The green workplace
Updated: 2013-05-02 09:48
By Sun Ye (China Daily)
Guillermo Munro/China Daily
Xiao made the listeners gasp with some alarming facts in the "Where Does All the Garbage Go" presentation: Beijing's biggest refuse landfill will be full in four years. A plastic bag takes hundreds of years to decay. It can't be burned, or it will give off carcinogens.
About 10 staff members had volunteered to go on a weekend trip to the waste disposal plant and came back gushing with new ideas and initiatives for their workplace.
"Now they see why their work is worthwhile, otherwise sorting waste is boring and doesn't speak of necessity, " Xiao says.
Another upside to organizing green-themed field trips and lectures is that it boosts work morale. "I find our people bonding better.
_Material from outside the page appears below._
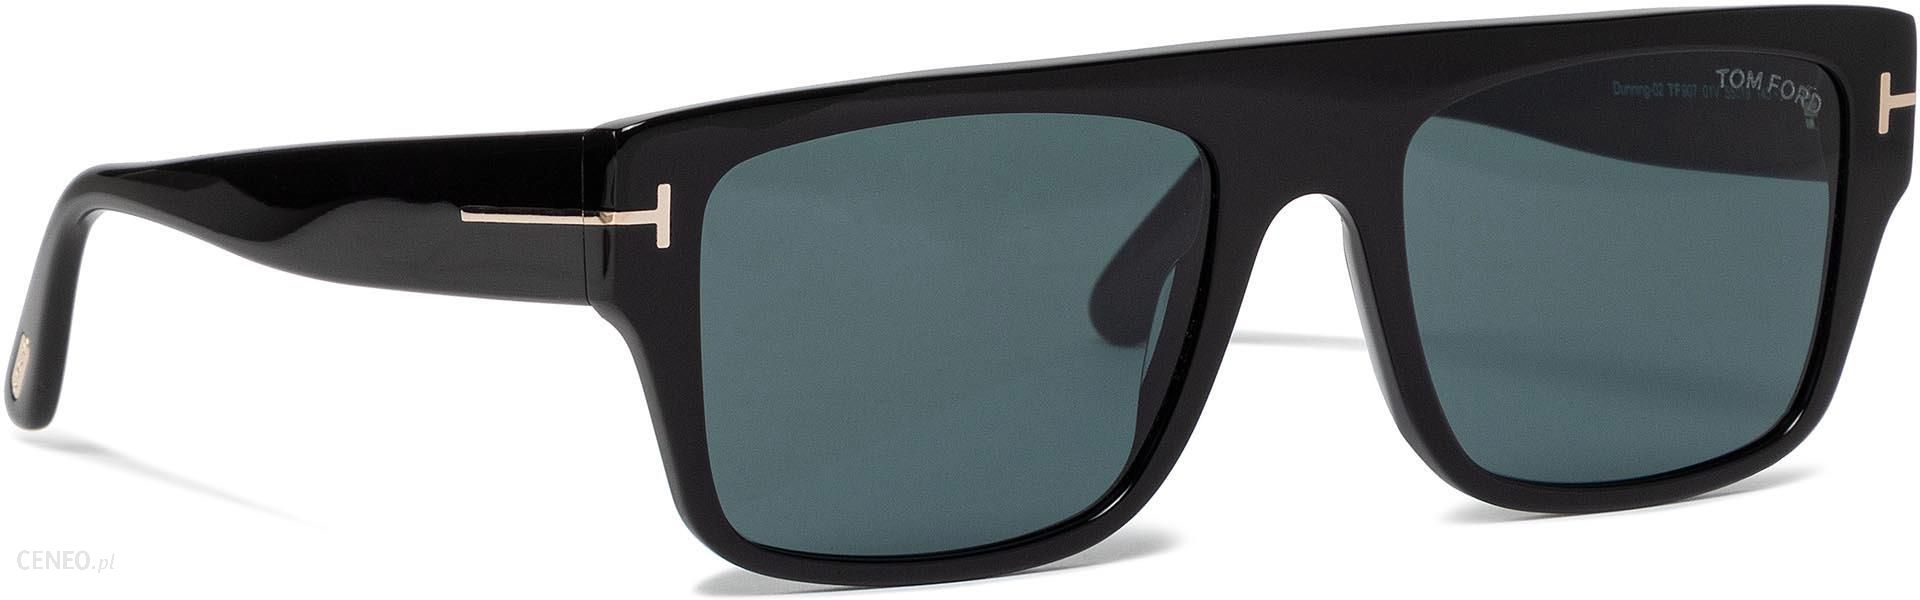 Okulary przeciwsłoneczne TOM FORD - Dunning FT0907/S 01V Black/Blue - Ceny  i opinie 
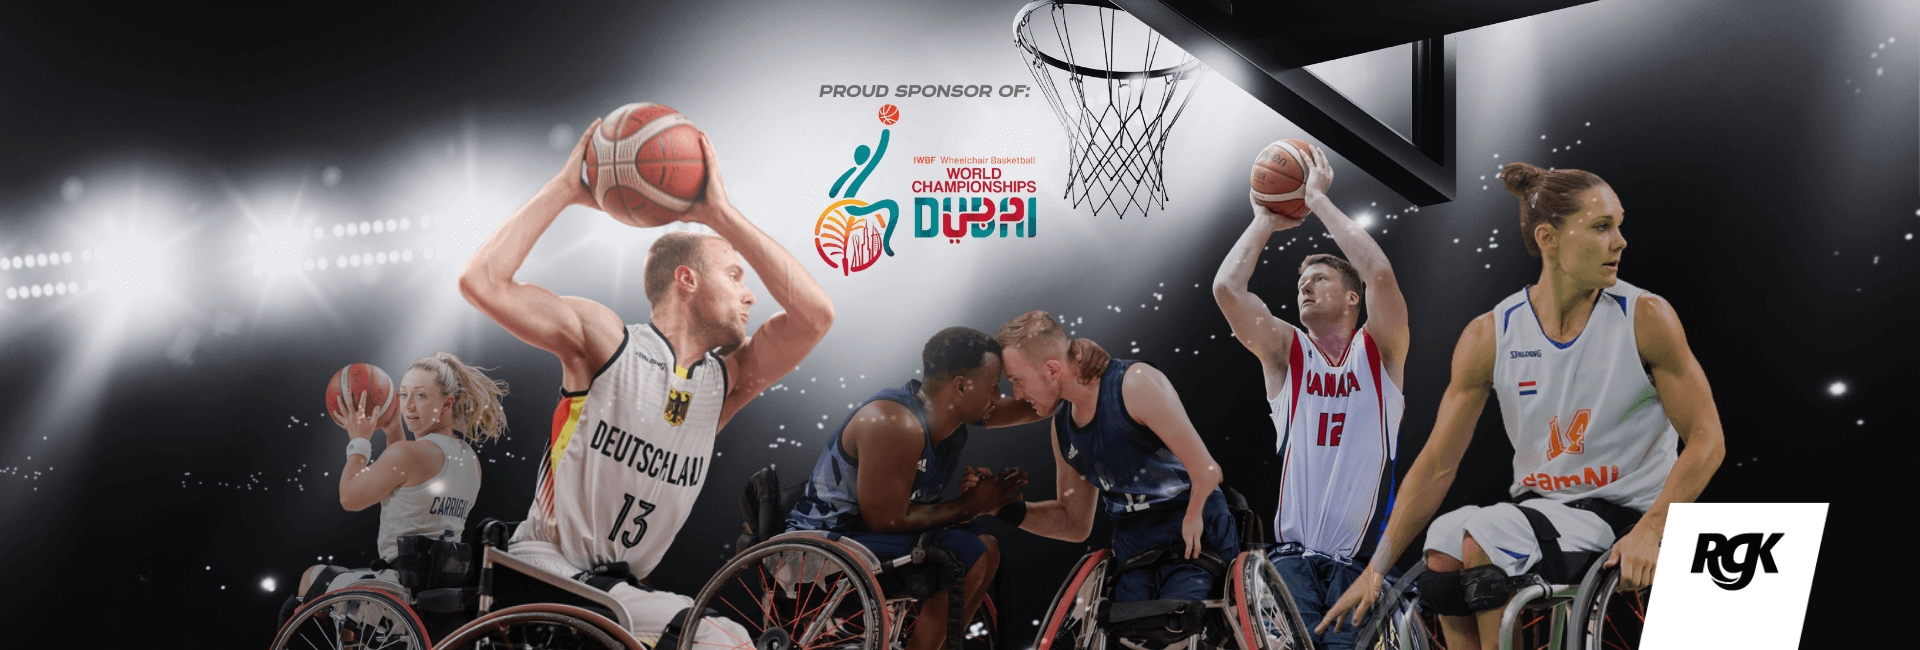 RGK sponzoruje mistrovství světa v basketbalu vozíčkářů v Dubaji

They feel respected and that they have become part of the restaurant and the city."
That reduces the staff turnover rate, a headache for human resources departments all over the city.
In the same way, Xiao lobbied for masks for Gung Ho's deliverymen. It costs an additional 3,000 yuan ($486) a year but Xiao has a calculated argument. Happier deliverymen who feel the company cares about their health and safety are less likely to quit.
In this way, a 3,000-yuan investment pre-empts frequent recruitment and training exercises, which may cost a lot more money otherwise.
Xiao also replaced disposable bowls and chopsticks at the staff canteen, saving more than 20,000 yuan for both the restaurant and its caterer.
To top that, "it turned out that everyone feels more at home with their own bowl and chopsticks," Xiao says.
That's just a few of the win-win solutions Xiao has managed to find. She attributes her knack of locating these sweet spots to sensitivity and passion.